In vivo Pharmacokinetic and Pharmacodynamic (PK/PD) Modeling and Establishment of the PK/PD Cutoff of Florfenicol Against Pasteurella multocida in Ducks

Xia Xiao; Weixuan Lan; Yaqin Zhao; Ruichao Li; Yuan Liu; Juan Liu; Zhiqiang Wang

doi:10.3389/fmicb.2020.616685

In vivo Pharmacokinetic and Pharmacodynamic (PK/PD) Modeling and Establishment of the PK/PD Cutoff of Florfenicol Against Pasteurella multocida in Ducks

Front Microbiol. 2021 Jan 11:11:616685. doi: 10.3389/fmicb.2020.616685. eCollection 2020.

Authors

Xia Xiao^{1

2}, Weixuan Lan¹, Yaqin Zhao^{3

4}, Ruichao Li^{1

2

5}, Yuan Liu^{1

2

5}, Juan Liu⁶, Zhiqiang Wang^{1

2

3

7}

Affiliations

¹ College of Veterinary Medicine, Yangzhou University, Yangzhou, China.
² Jiangsu Co-innovation Center for Prevention and Control of Important Animal Infectious Diseases and Zoonoses, Yangzhou, China.
³ Xinjiang Institute of Chinese Materia Medica and Ethnical Materia, Wulumuqi, China.
⁴ Xinjiang Key Laboratory of Chinese Materia Medica and Ethnic Materia Medica, Wulumuqi, China.
⁵ Institute of Comparative Medicine, Yangzhou University, Yangzhou, China.
⁶ Pizhou Animal Health Supervision Institute, Xuzhou, China.
⁷ Institutes of Agricultural Science and Technology Development, Yangzhou, China.

Abstract

Pasteurella multocida can invade and translocate through endothelial cells and result in vascular-system infection, which can cause severe economic losses in the poultry industry.

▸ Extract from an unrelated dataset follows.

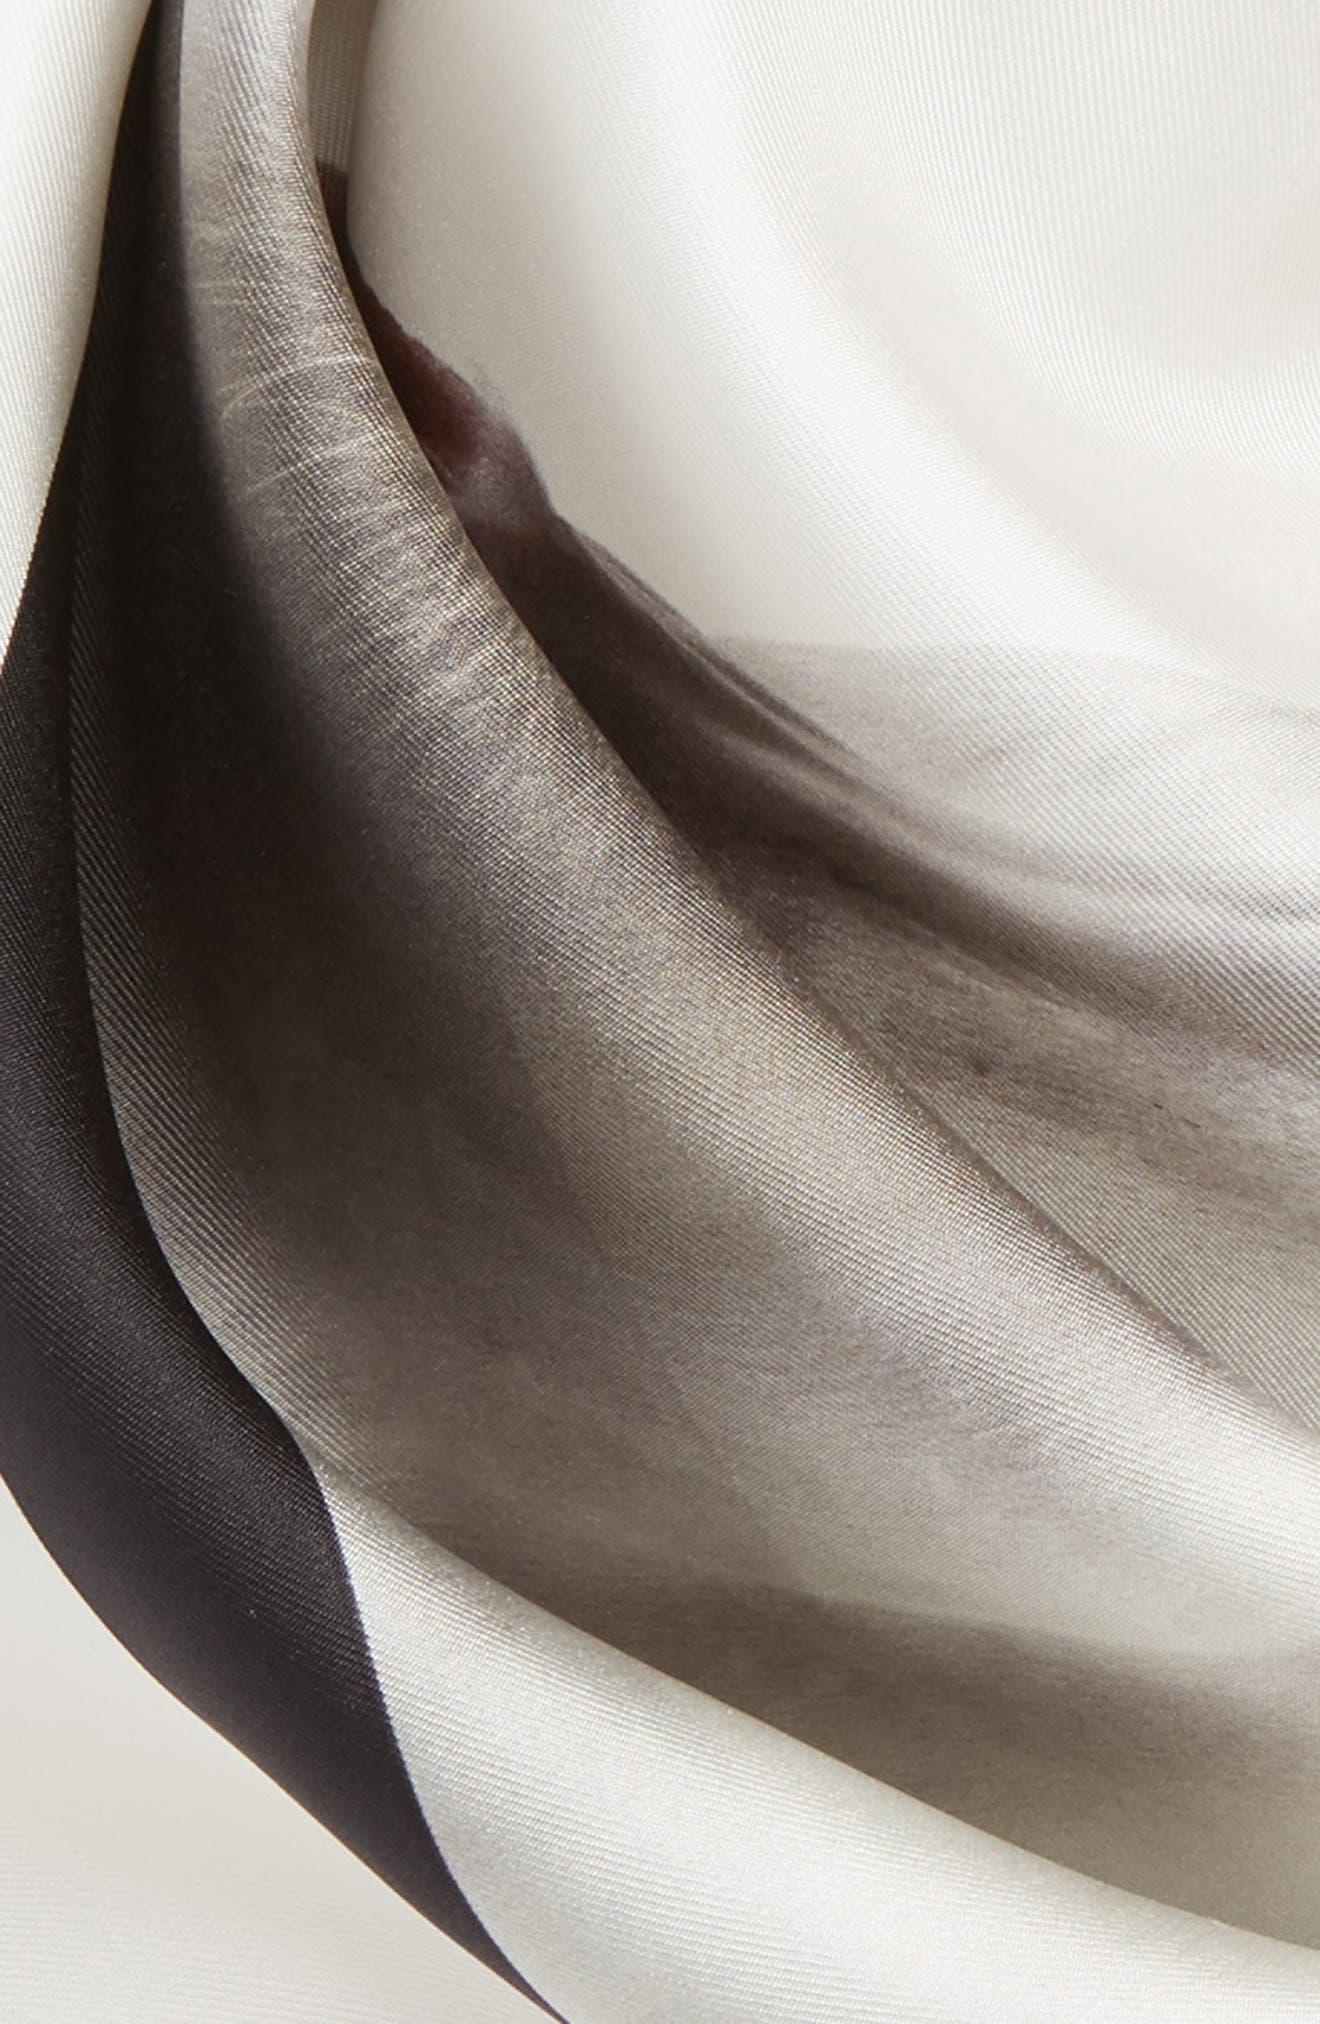 BURBERRY, Unicorn Graphic Square Silk Scarf, Alternate thumbnail 4, color, WHITE

Antibacterial therapy (especially florfenicol) plays an important part in controlling P. multocida infection. To preserve the effect of florfenicol, in vivo pharmacokinetic/pharmacodynamic (PK/PD) modeling of florfenicol against three P. multocida strains in duck was established. Then, the efficacy of the currently marketed dose, a rational dosage regimen for populations, and the PK/PD cutoff were predicted through Monte Carlo simulations (MCSs). The area under the concentration-time curve from 0 to 24 h/minimum inhibitory concentration (AUC_{0-24 h} /MIC) was the optimal PK/PD parameter. The PK/PD surrogate values of florfenicol against P. multocida were similar using different organs as the PD target, but varied in different strains. For the florfenicol-sensitive strain 0825Y₁, when the AUC_{0-24 h} /MIC reached 117.54 and 108.19, florfenicol showed a bactericidal effect in the liver and lung, respectively. For the florfenicol-sensitive strain 0901J₁, the corresponding value was 78.39 and 54.30, respectively. For the florfenicol-resistant strain JY160110, florfenicol could attain a maximum effect of 1 - log₁₀ reduction in bacteria in the liver and lung when the AUC_{0-24 h} /MIC reached 2.03 and 2.06, respectively. The PK/PD-based prediction for the population dose indicated a poor effect for the low end of the currently marketed dose (40 mg/kg body weight per day), but a robust effect for the high end of the currently marketed dose (60 mg/kg body weight per day) with a target attainment rate of 92.79% and 81.44% against P. multocida in mainland China and worldwide, respectively. The recommended dose optimized by MCSs was 52 mg/kg body weight in mainland China. The PK/PD cutoff of florfenicol against P. multocida at the low end and high end of the current daily dose (40 and 60 mg/kg body weight) and predicted daily dose in mainland China (52 mg/kg body weight) was 0.25, 4, and 0.5 μg/ml, respectively. These results suggested that more than one strain should be involved for PK/PD modeling and contributed to rational use of florfenicol in populations. We also provided fundamental data for determination of florfenicol breakpoints in poultry.

Keywords: P. multocida; PK/PD cutoff; PK/PD modeling; dose; florfenicol.